Потому что я помню, правда, я не помню, сколько мне было лет. Я лежал, перед сном, и ни с того ни с сего думал... или, скорее, так, фантазировал. Точнее, боялся. Лежал - боялся. Боялся того, что вот, если бы немцы пришли, как в кино, и всех бы стали убивать, то я бы притворился мертвым и ни за что бы не шелохнулся, лежал бы, как мертвый. И я в своей кровати принимал раз-ные позы, которые, на мой взгляд, были больше похожи на позу убитого, и задерживал дыхание как можно дольше, и пытался не моргать..., чтобы немцы не увидели. Чтобы немцев убедить, что я не живой.

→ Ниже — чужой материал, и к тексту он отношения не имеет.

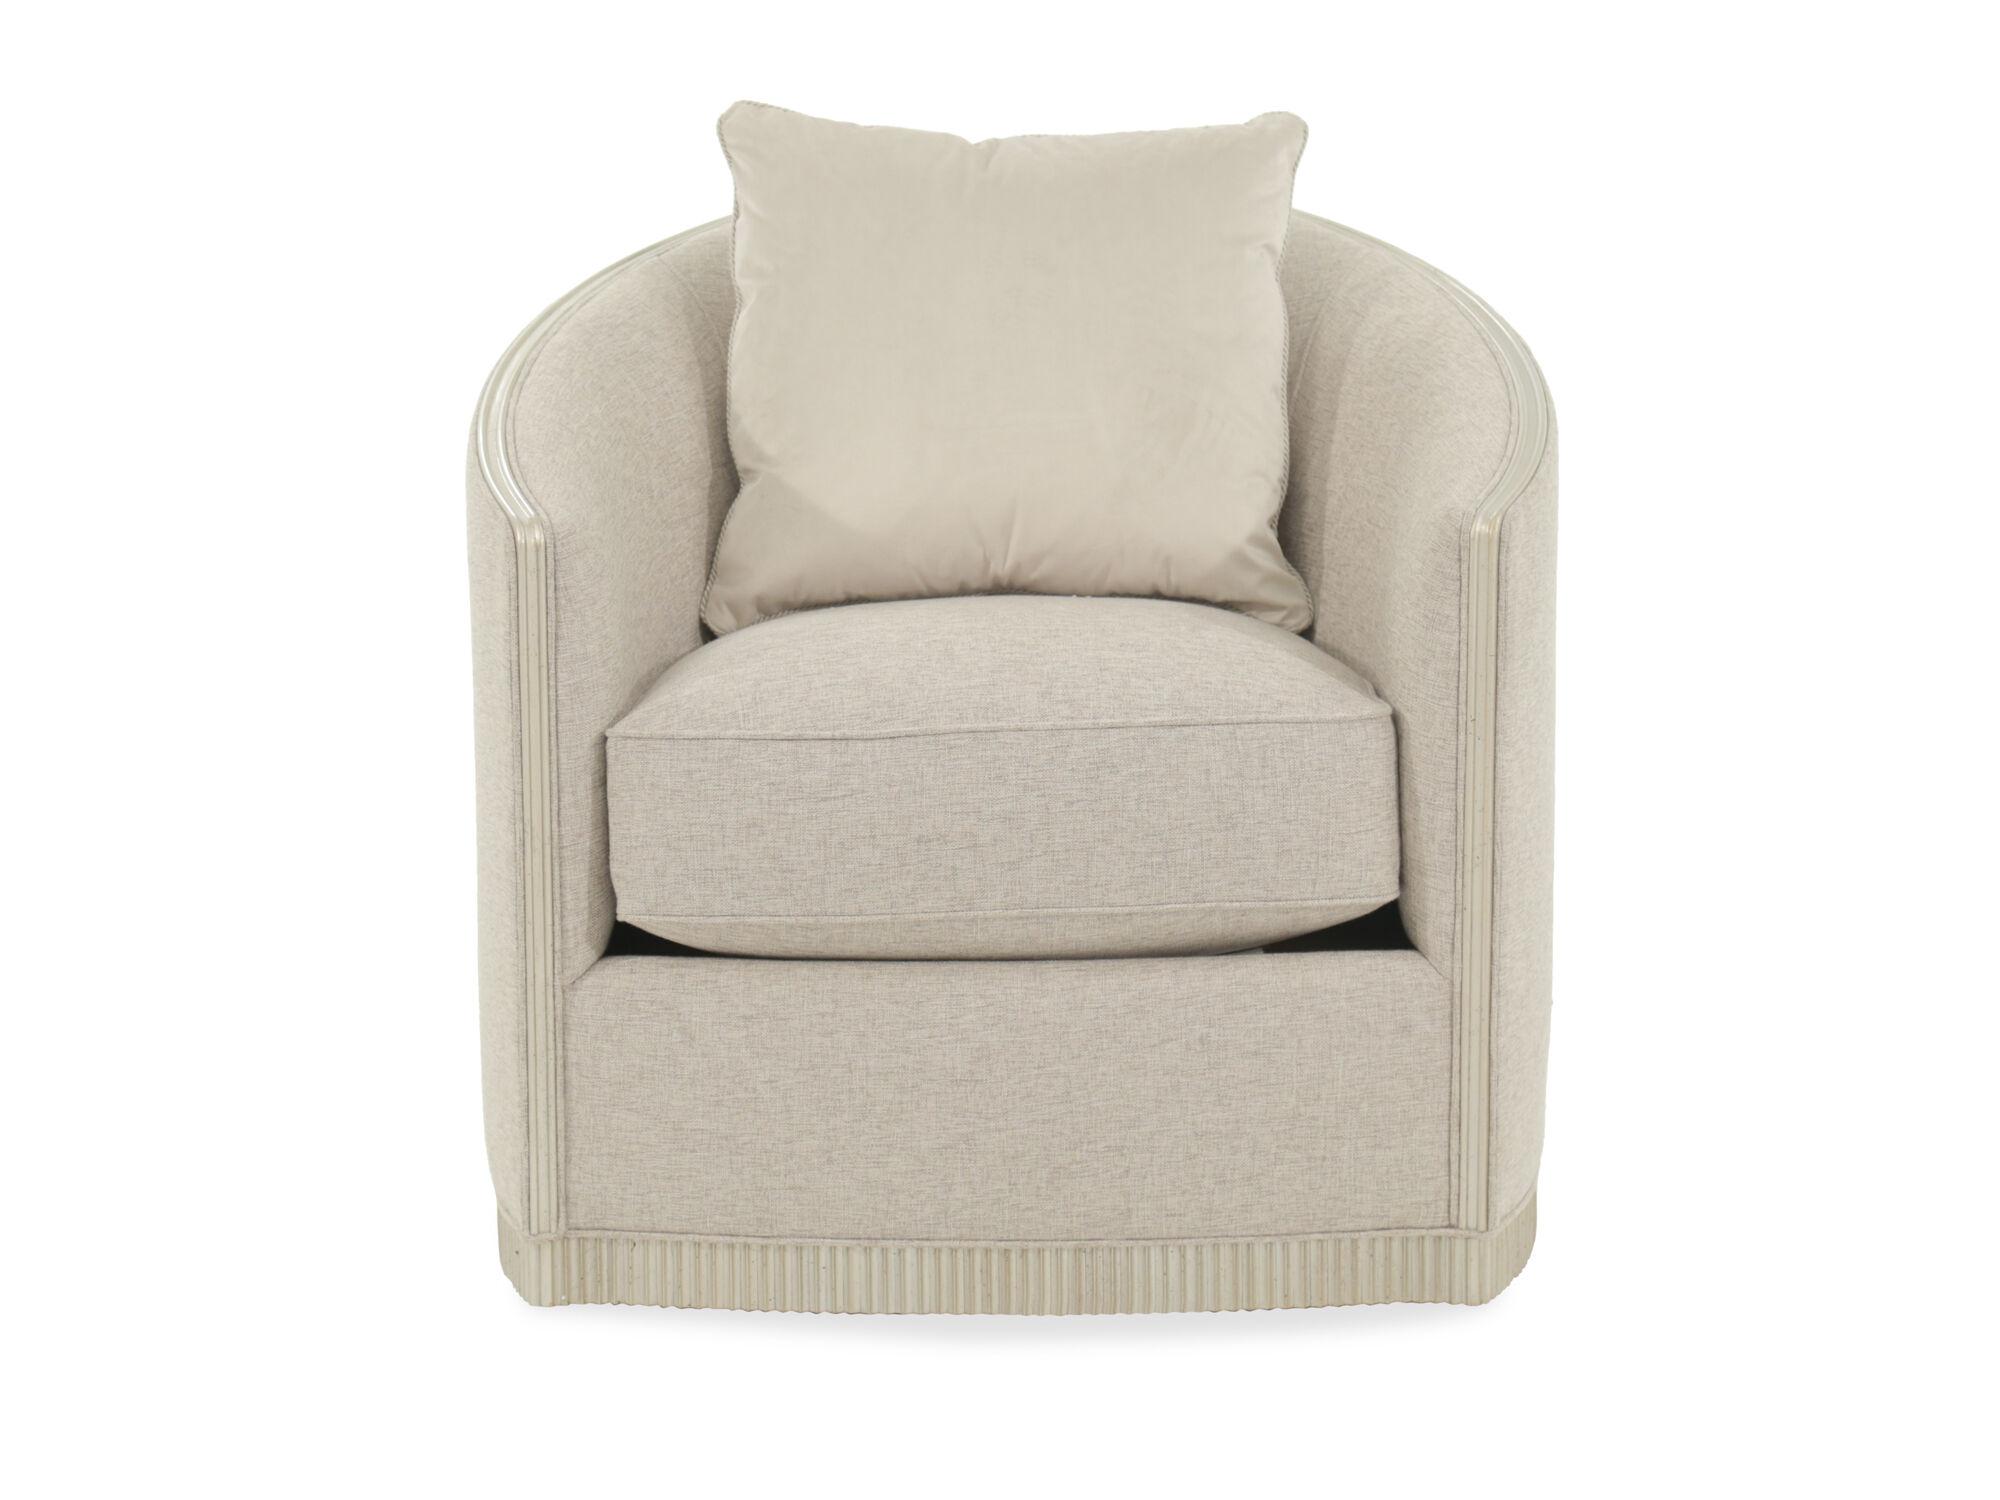 Images Exposed Rail Contemporary 31.5u0026quot; Swivel Chair In Cream Exposed  Rail Contemporary 31.5u0026quot; Swivel Chair In Cream

И все эти фильмы слились в войну. И все это для меня...... тема серьезная. Потому что, когда в каком-нибудь, даже совсем дурацком фильме какой-нибудь немецкий генерал, которого играет худой, остроносый литовский артист, говорит другому противному, толстому немецкому генералу, которого играет... другой литовский артист... так вот он говорит: "Вы не знаете этих русских, они не сдадутся...", или: "...он вам все равно ничего не скажет, этот Иван..." И весь этот фильм - дурацкий, и сцена эта - дурацкая, и немцы показаны дураками, и понятно, что было все не так... А мурашки по спине бегут. Мурашки... потому что - приятно, что русские солдаты такие..., что победили.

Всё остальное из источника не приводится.